=== DIRECTIONS FOR THIS TASK ===
The required answer is the run of lines from the one holding "Защитное стекло Hybrid" to the end of the data below, copied exactly and free of pictures.

═══ RAW DATA

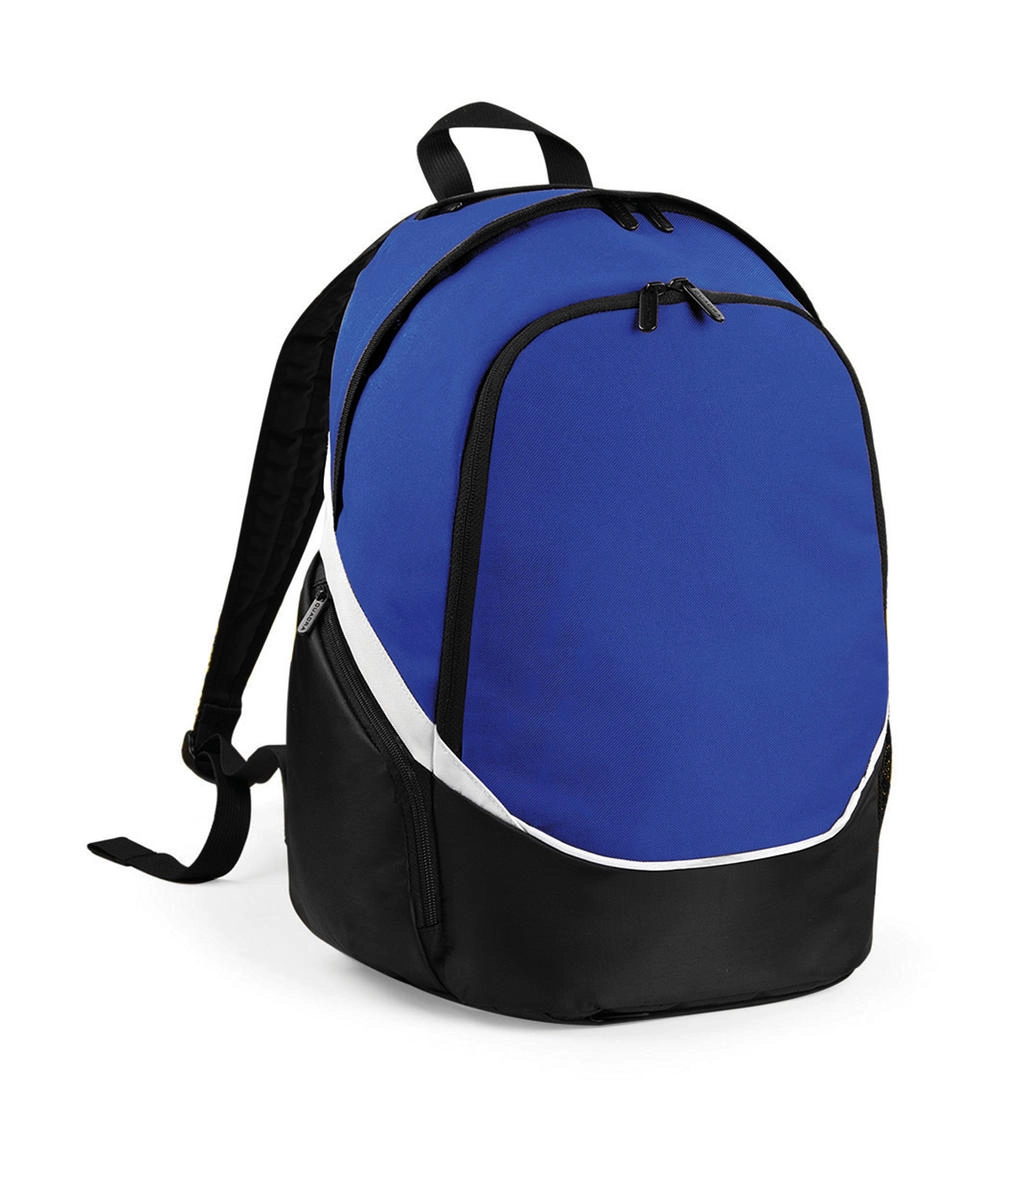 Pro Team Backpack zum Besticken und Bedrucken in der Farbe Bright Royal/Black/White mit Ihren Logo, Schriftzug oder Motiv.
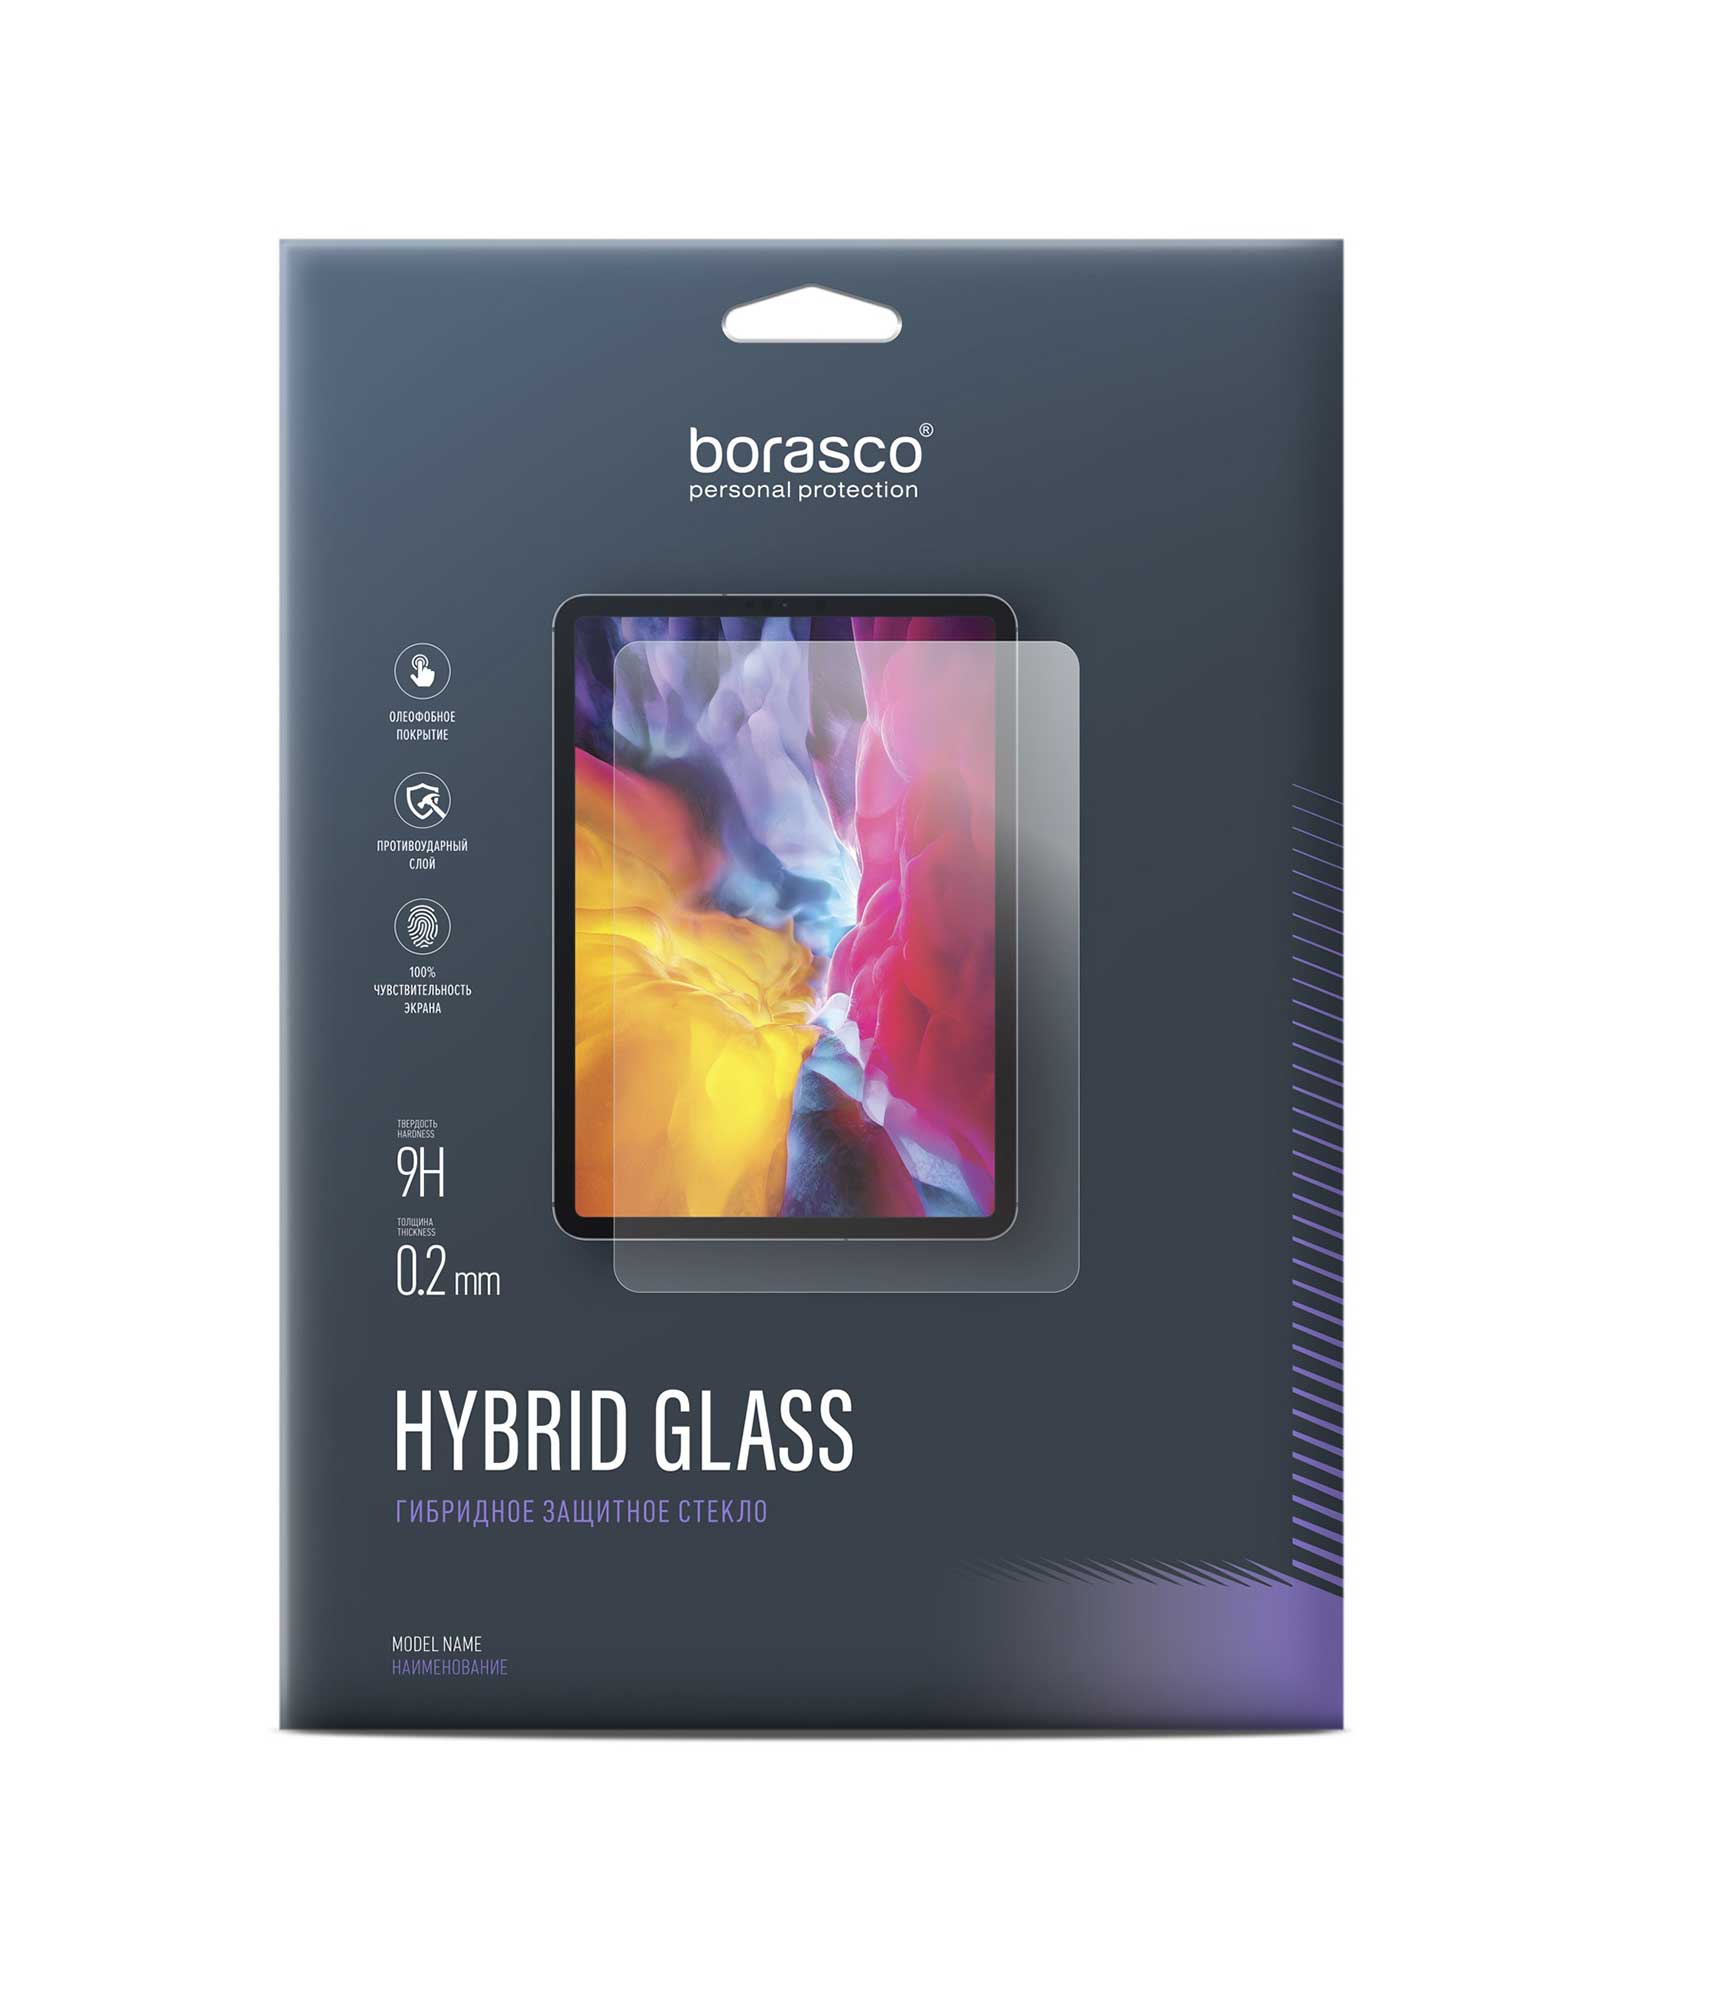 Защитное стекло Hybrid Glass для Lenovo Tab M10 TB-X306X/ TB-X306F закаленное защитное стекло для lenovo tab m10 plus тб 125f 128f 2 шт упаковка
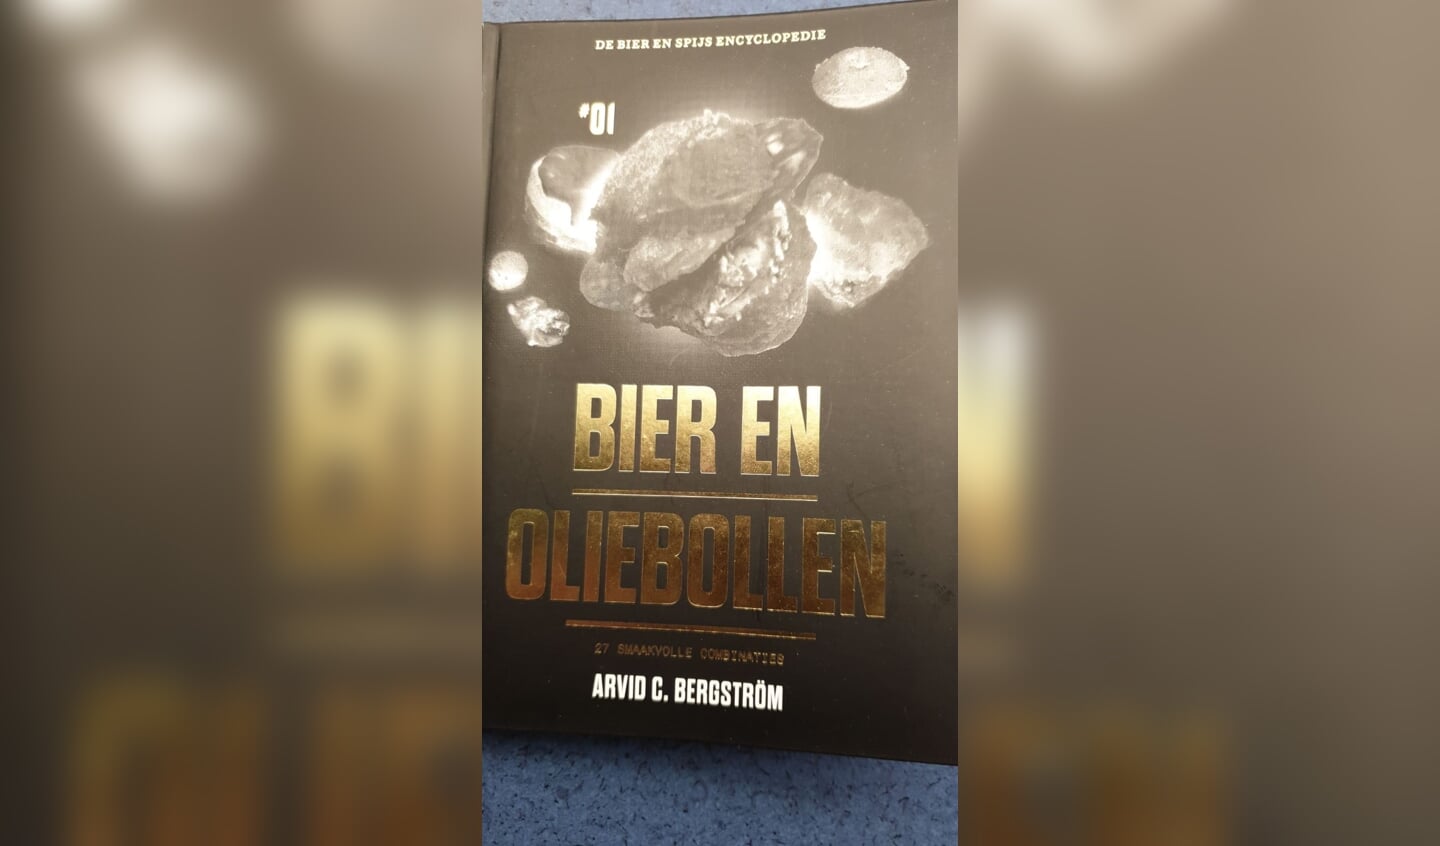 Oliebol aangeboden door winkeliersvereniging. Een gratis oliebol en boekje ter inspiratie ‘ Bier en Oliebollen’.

══════

=== TASK ANSWER ===
 Защитное стекло Hybrid Glass для Lenovo Tab M10 TB-X306X/ TB-X306F закаленное защитное стекло для lenovo tab m10 plus тб 125f 128f 2 шт упаковка
 Oliebol aangeboden door winkeliersvereniging. Een gratis oliebol en boekje ter inspiratie ‘ Bier en Oliebollen’.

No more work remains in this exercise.